Your task:
Exact copy, pictures excluded: the lines from the one containing "Растворитель ржавчины Schnell-Rostloser, 300мл" to the end of the listing.

Information shown:
--- START ---

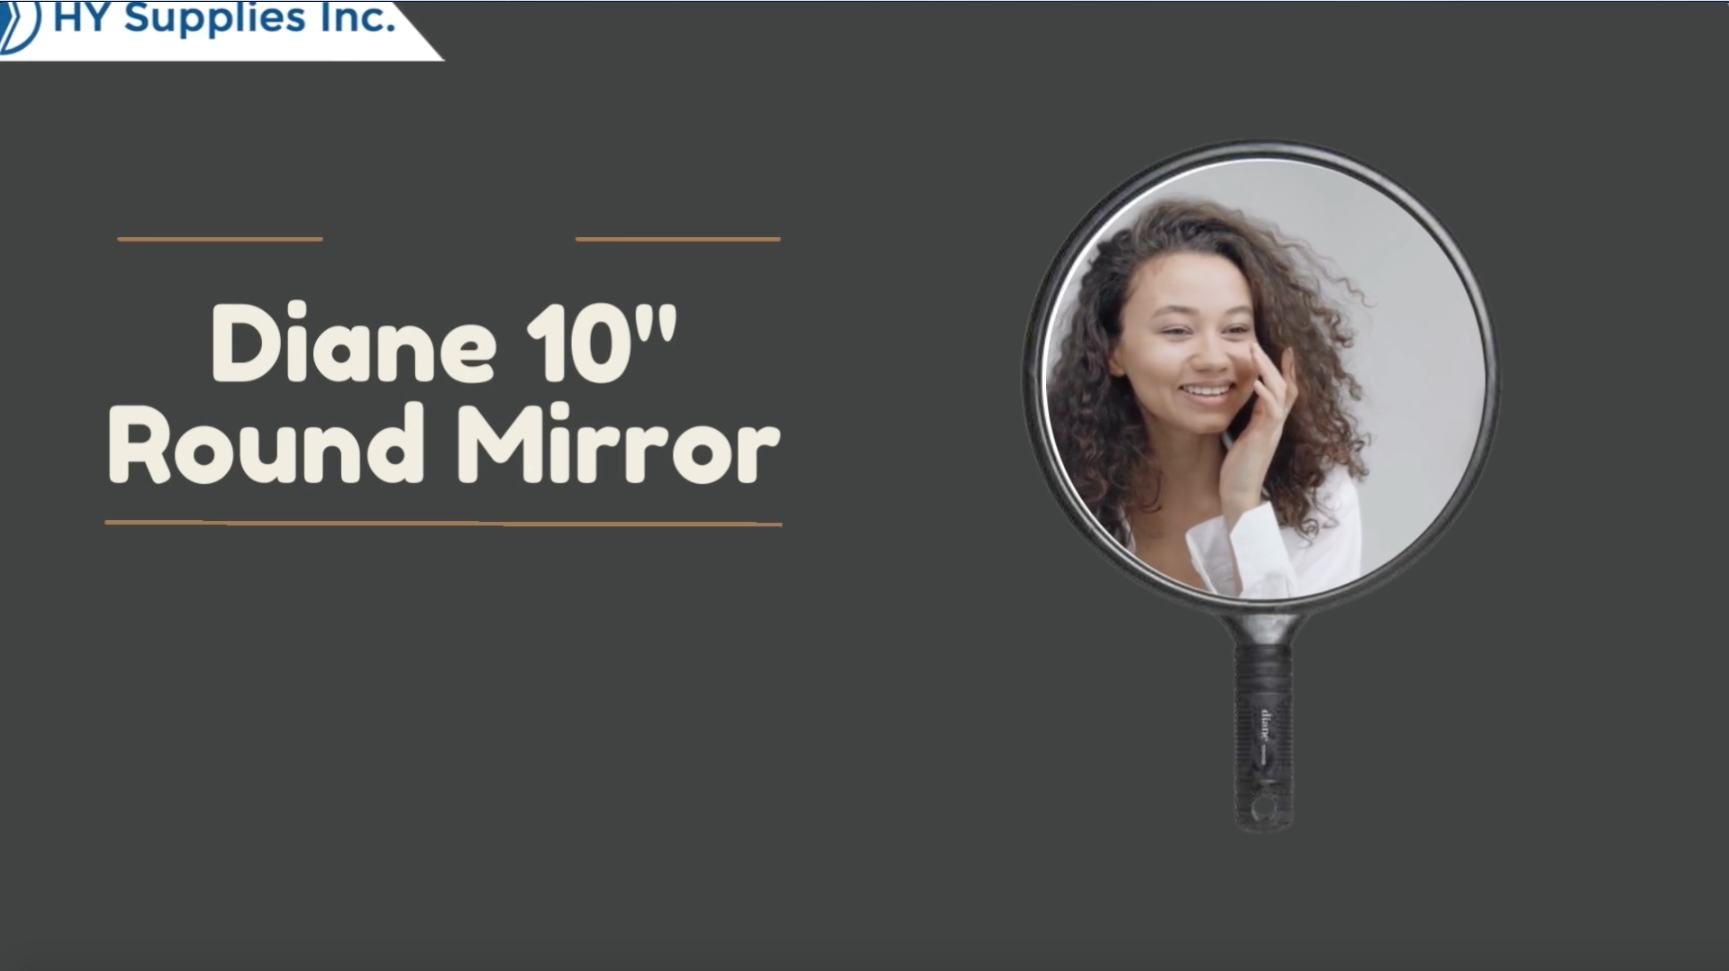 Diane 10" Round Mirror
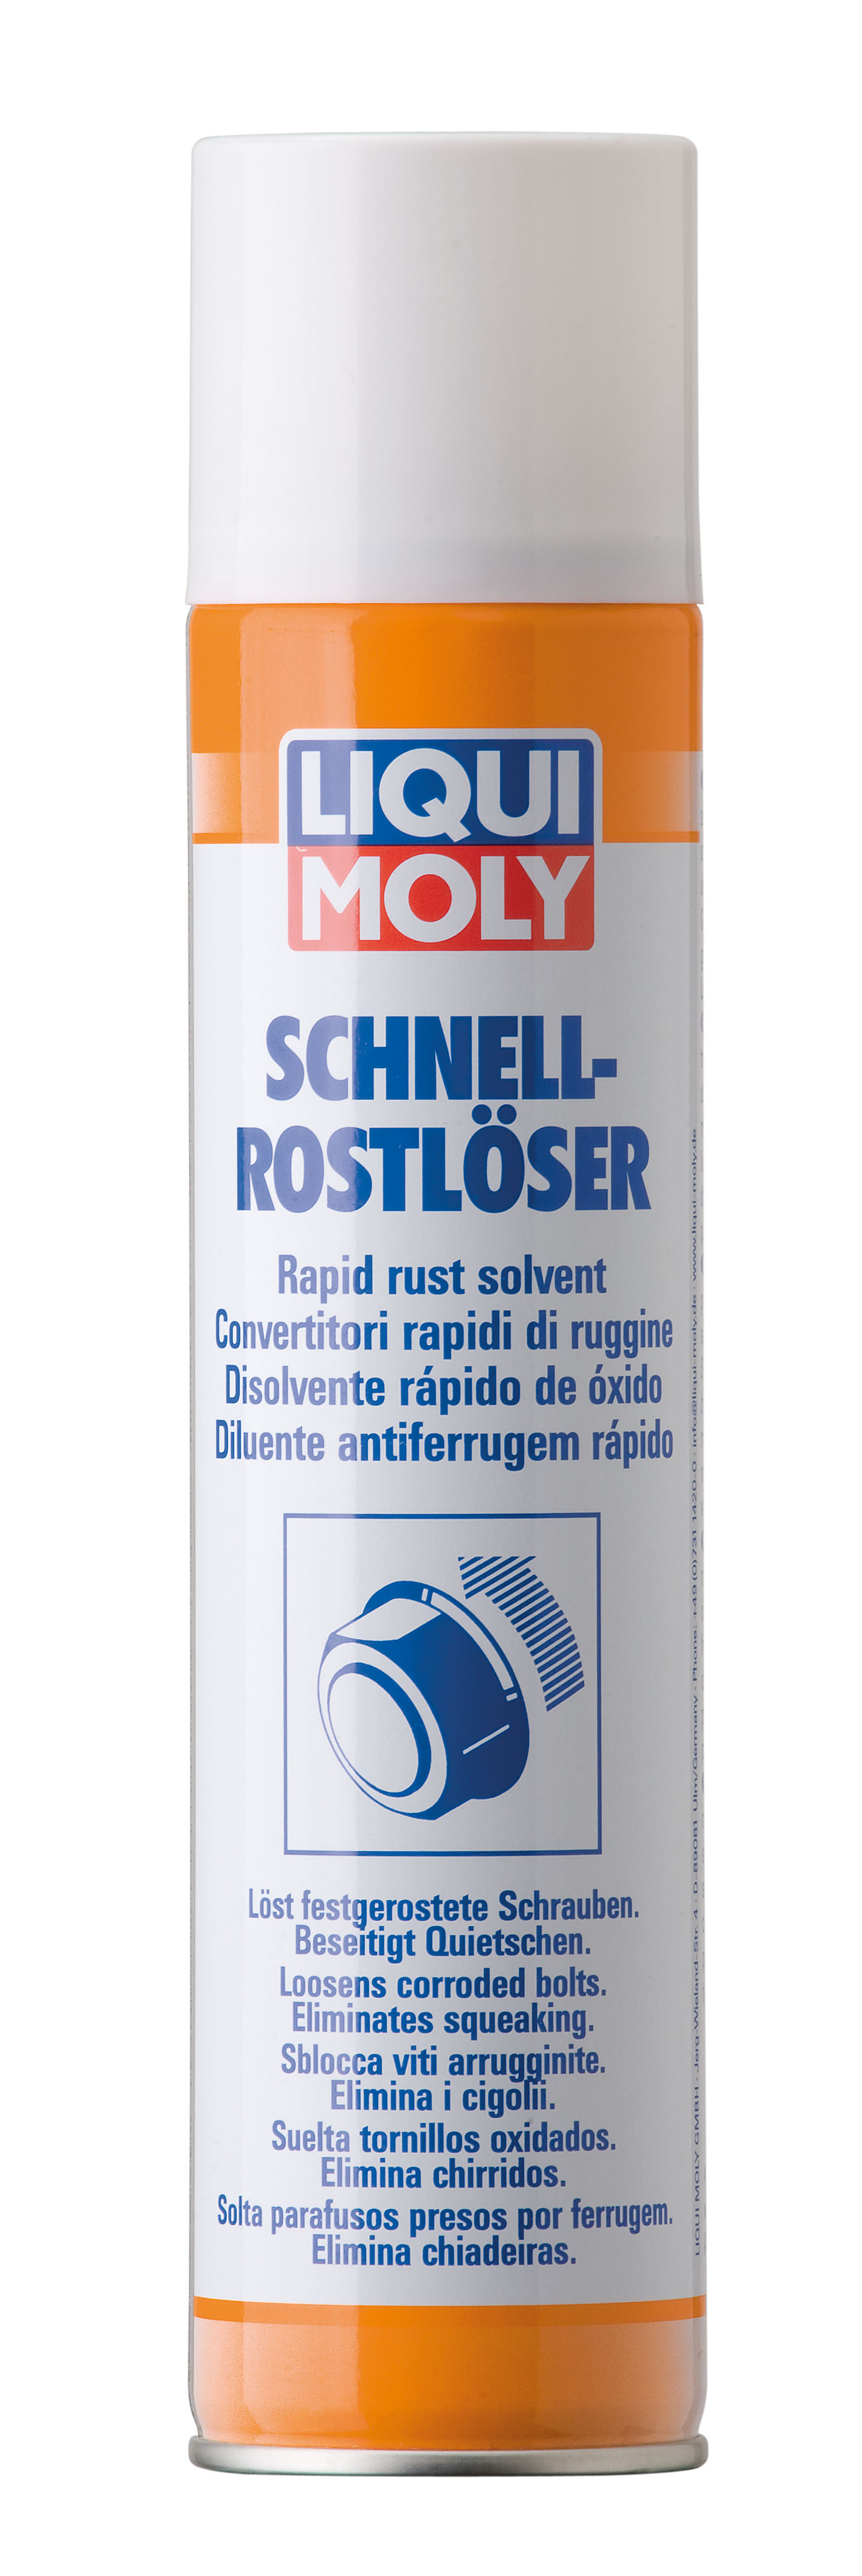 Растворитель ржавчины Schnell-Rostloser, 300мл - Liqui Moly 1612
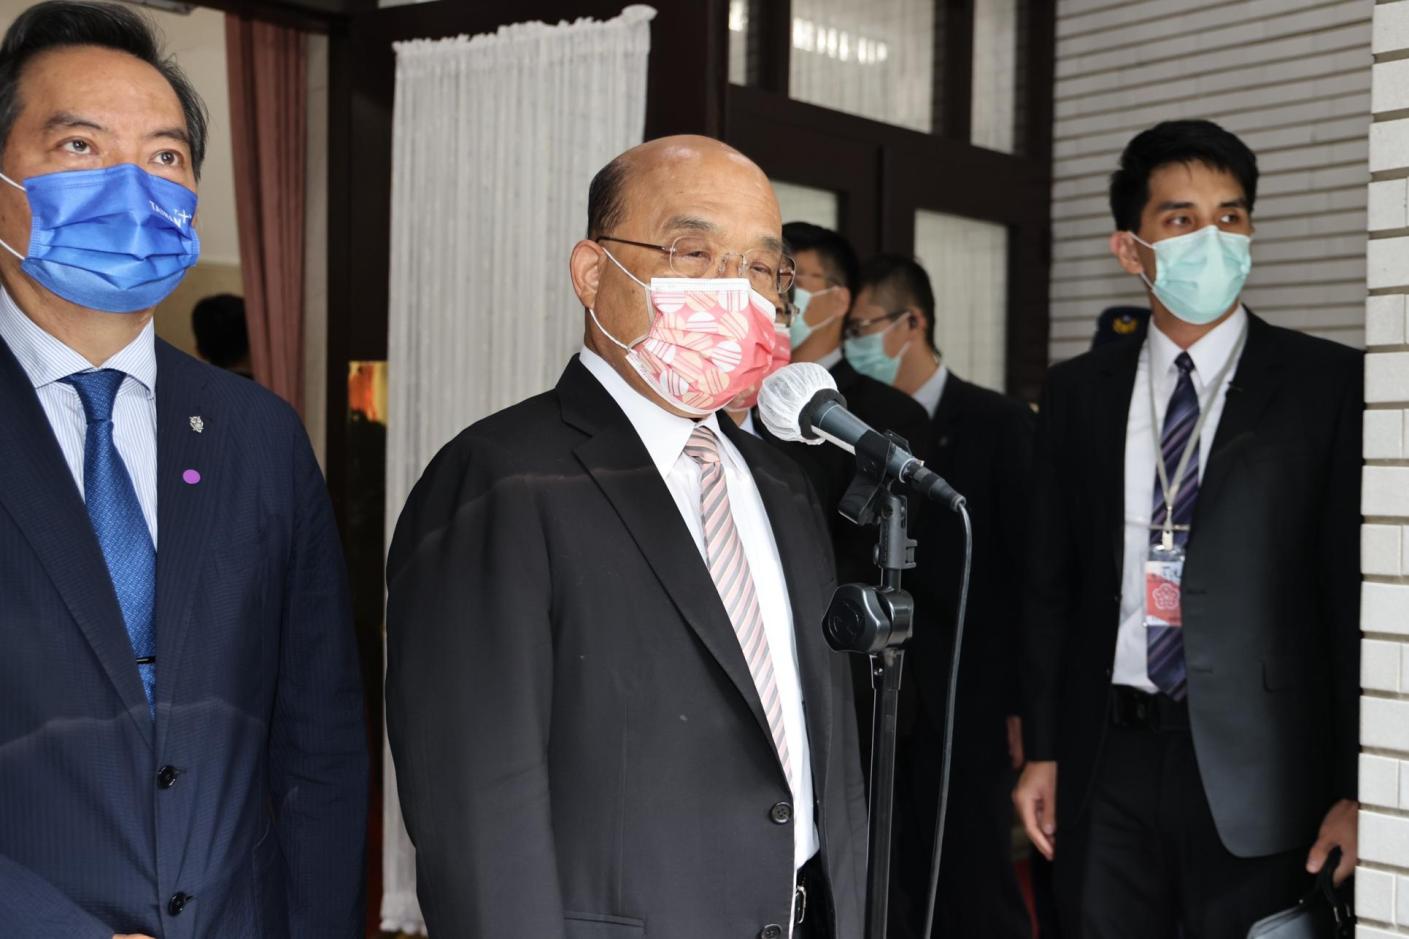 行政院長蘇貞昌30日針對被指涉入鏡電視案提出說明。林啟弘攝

--- END ---

Task result:
 Растворитель ржавчины Schnell-Rostloser, 300мл - Liqui Moly 1612
 行政院長蘇貞昌30日針對被指涉入鏡電視案提出說明。林啟弘攝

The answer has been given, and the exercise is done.